Mark Zuckerberg thinks we will give up the real world – and live in metaverse

If you're worried about spending too much time on your phone, don't be. It can't be anywhere near as much as what Mark Zuckerberg has planned for us.

Zuckerberg, who recently renamed his company Facebook to 'Meta', believes that we'll one day spend the majority of our time inside the metaverse, leaving the real world behind.

In an interview with tech podcaster Lex Fridman, Zuckerberg said: "A lot of people think that the metaverse is about a place, but one definition of this is it’s about a time when basically immersive digital worlds become the primary way that we live our lives and spend our time."

He added: "I think that’s a reasonable construct."

The 'metaverse' is a term Zuckerberg has coined to refer to a range of immersive virtual reality and augmented reality.

In the wide-ranging interview with Fridman, Zuckerberg also outlined his plans to 'cure, prevent, or treat' all diseases through investing billions in biomedical research.

Like Bill Gates, Zuckerberg runs his own philanthropic project, in his case the Chan Zuckerberg Initiative.

Explaining his motivation behind the £59 billion charity, Zuckerberg said:

"It was an intentional decision to not focus our philanthropy explicitly on longevity or living forever […] it is focused on what I think is a possible goal in this century which be able to cure prevent or manage all diseases."

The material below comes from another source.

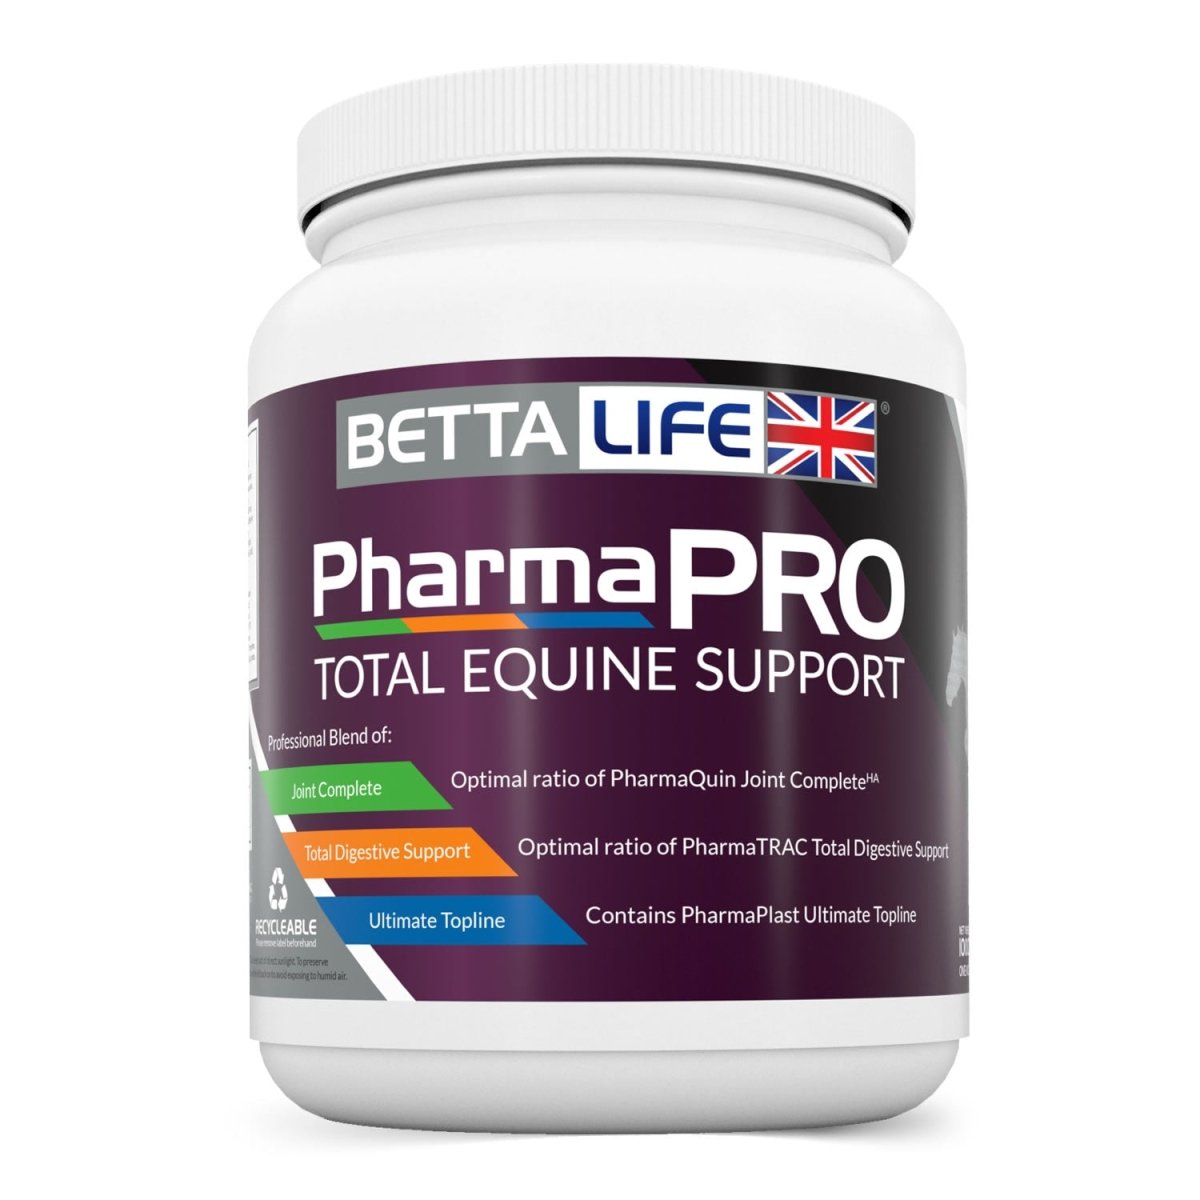 Bettalife Pharmapro Equine Support - 1Kg -

He told Fridman that he thinks people getting sick and dying is a 'bad thing', and he is dedicating 'almost all' of his money towards research in that area.

"I don't actually ever know if you're ever going to eradicate it but I think you can get to a point where you can either cure things that happen so people get diseases but you can cure them. Prevent is probably closest to eradication or just be able to manage ongoing things that aren't going to ruin your life."

"I think saying that there's going to be no disease at all is probably not possible for the next several decades."